OnePlus is making a Smart TV

OnePlus TV or OneDumb idea?

by Aaron Macarthy Beards Sep 18, 2018 at 6:57 AM

  • TV News

    OnePlus is making a Smart TV
    Chinese phone maker OnePlus has announced that they are planning to enter the TV market, sometime in 2019.
    The news was announced via a blog post on the OnePlus website The post gave no indication of what such a TV would be like. It would be safe to assume it would be 4K with some sort of HDR. However no word on screen size, the OS it will run or even if it will be a range or just a single model.

    OnePlus founder and CEO Pete Lau stated: “At present, we feel the current market of TVs is still feeling quite traditional in their functionality and experience. And they haven't really well-integrated the internet into the experience, and making the experience match with what would be expected in today's connected society.” (From: OnePlus)

    Pretty bold words. Every TV manufacturer has been attempting to integrate TVs into ‘todays connected society’ for the past half a decade. Even non-TV manufacturers, the likes of Amazon, Google and Apple are all spending millions on creating Boxes that plug into a TV and connect it to a world of apps, live video and on-demand content. With such fighting talk, OnePlus really needs to come out with something very good to pull consumers away from there current Smart TV/Media Box of choice. If OnePlus intend to market this as the best Internet possible on a TV, going up against the likes of Apple, Google and Amazon won't be easy.
    Chinese companies have proven that you don't need to be Samsung, Sony or LG to sell a lot of TVs
    It might seem strange to see a company who has only ever produced phones turning towards TV manufacturing. Companies such as Sony, Samsung and LG all have TV and smartphone divisions. However, these companies were manufacturing TVs long before smartphones. It's unusual to see a Smartphone maker pivot towards TVs.

    However, whilst OnePlus has only ever focused on smartphone manufacturing its not the first time that Oppo, OnePlus’ parent company, has been involved in the home AV market. Until 2018, Oppo built and sold some of the best HD and 4K Blu-ray players available. Built like tanks, the Oppo Blu-ray players were fan favourites for their performance and features. We reviewed the Oppo UDP-203 4K Ultra HD Blu-ray Player in 2017 and gave it a highly recommended badge.

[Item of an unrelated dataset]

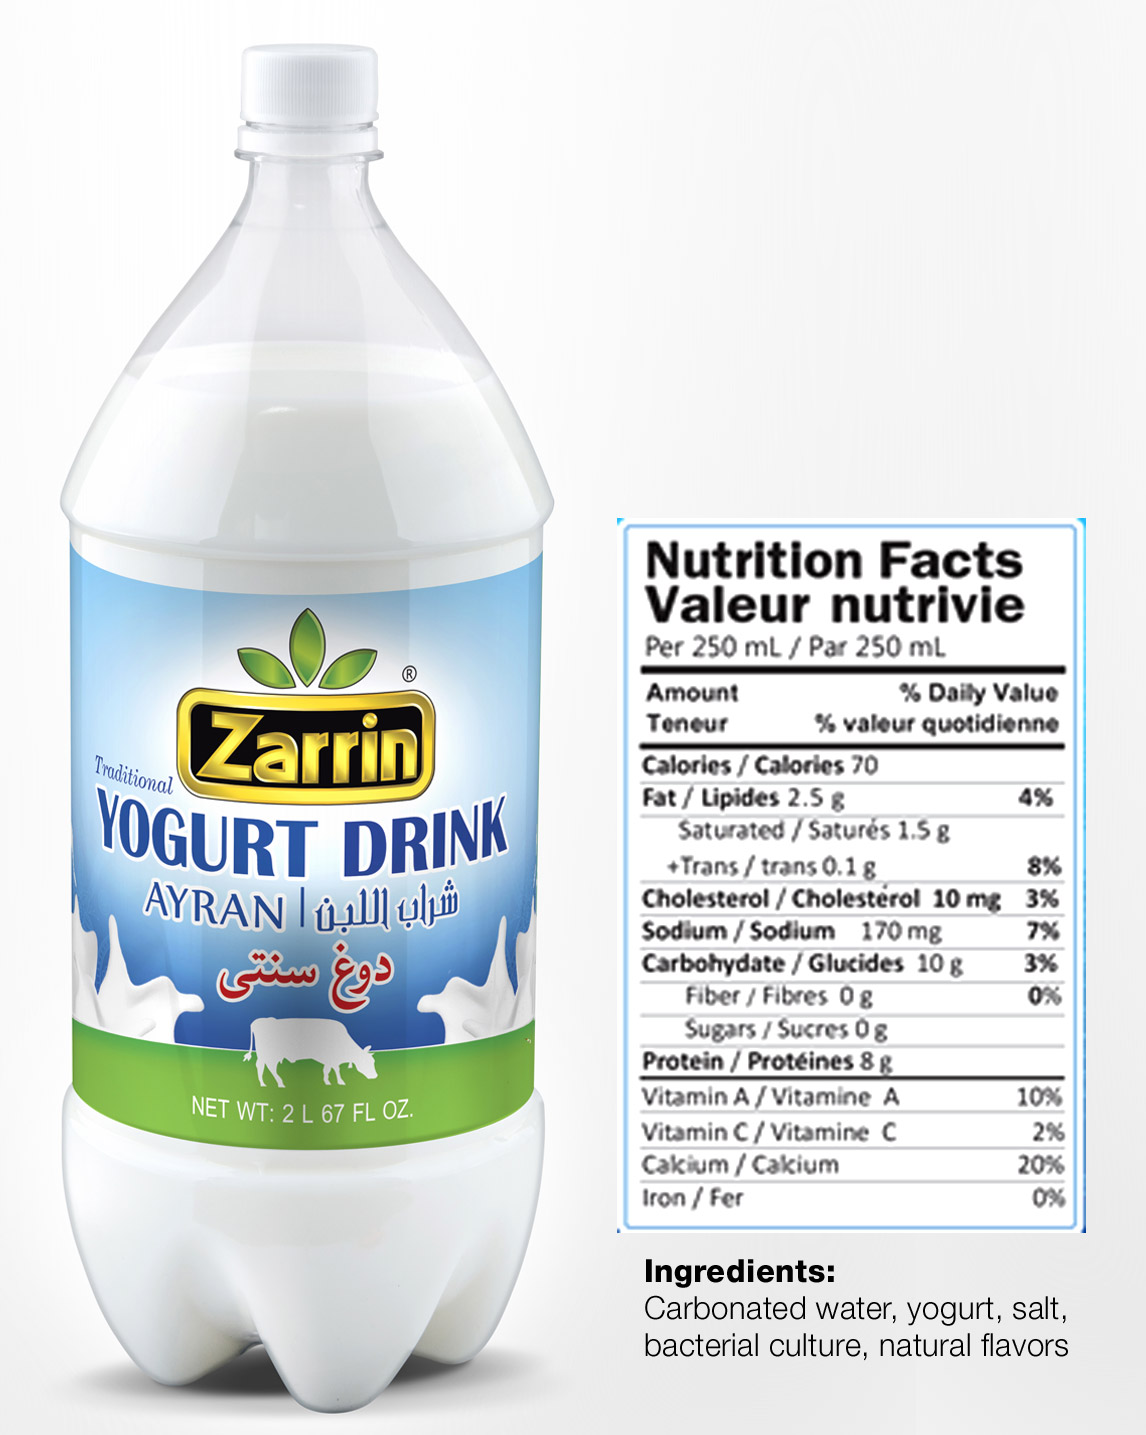 Doogh (yogurt drink) with traditional flavor by Zarrin.

    Chinese manufacturers have, for the past decade, been slowly gaining ground in the TV manufacturing market. Whilst Samsung and LG still reign supreme as the two leading TV panel makers, TCL is now third with Hisense fourth. And it's not just market share where Chinese electronics manufacturers are making a mark. While older TV brands struggle to compete with better and cheaper Chinese TVs, Chinese companies are happy to swoop in and buy stock or brand rights. In 2015 Hisense acquired the right to sell televisions, in the Americas, under the Sharp brand. In 2017 the company bought a 95% stake in Toshiba’s TV division.

    A large reason for this success is that much of the world's electronic goods are manufactured in China. As such Chinese companies have quick and cheap access to the factories that produce components. So-called ‘vertical integration’ is easy to achieve when your management, design and production departments are all in one city. In OnePlus’ case, Shenzhen, the home of Chinese manufacturing.

    The OnePlus brand has good ‘visibility’ all around the world. Oppo has had a lot of success in Asian markets but selling an Oppo TV wouldn't gain much attention in Europe or North America. Oppo simply lacks brand recognition in these markets. A OnePlus TV though, that gets a lot of attention. Combine that with Oppo’s large production capabilities, vertical integration and the fact that other Chinese companies have proven that you don't need to be Samsung, Sony or LG to sell a lot of TVs.

    The TV market is heavily competitive with tiny profit margins and a slightly slower upgrade cycle than with smartphones. However OnePlus, and Oppo, have proven themselves to be adaptable in the equally competitive smartphone market. Will this gamble pay off?